The Problem:
An Indianapolis-based nonprofit that regulates student athletes receives student transcripts from high schools around the country. The transcripts contain the required information, but in thousands of different formats. As a result, employees had to enter the documents into a database manually. This was costing the company hundreds of man-hours per week. This was a time consuming and error-prone process. Other local companies were tasked with parsing the data but were ultimately unsuccessful.
The Goal: Parsing the Data
Systematically identify courses and grades across academic year regardless of transcript format. And parse the data from all transcripts into a standard format – eventually entering it into the client’s transcript system. This reduces the manual time and cost.
How We Solved it:
- Robosource used a text extraction library to pinpoint the x and y coordinates for course name, course ID, and course grade.
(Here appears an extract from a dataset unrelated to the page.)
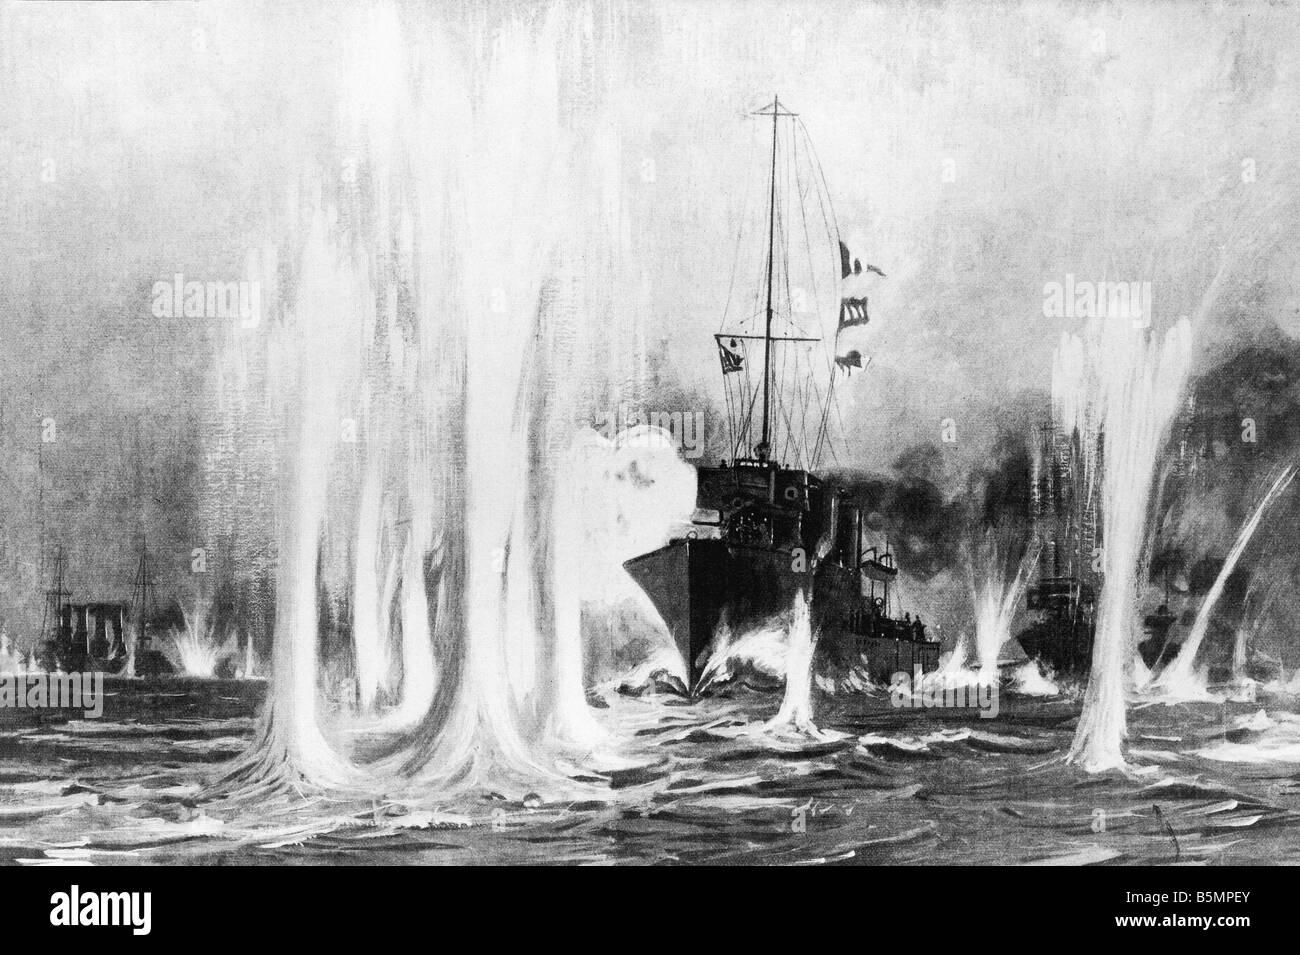 9 1914 8 28 A1 E Naval Battle August 1914 Holz ger 1. Weltkrieg Krieg auf hoher See Naval battle auf Helgoland 28 8 1914 Kampfszene mit Stockfoto

- We then captured the coordinates of each data point within each document format.
- Parsing the data, we also prescrubbed it before loading it into the database. Up until now those steps had to be done manually.
Results:
- Robosource demonstrated the ability to automate the process of identifying and capturing transcript data across thousands of formats. Phase 2 of this project will save the company hundreds of thousands of dollars annually.
- We are also starting the process of using machine learning from previous transcripts so when the algorithm recognizes the format it puts the transcript into the correct template.
- Future steps are to build API to the database and utilize Optical Character Recognition to capture information from scanned transcripts and images.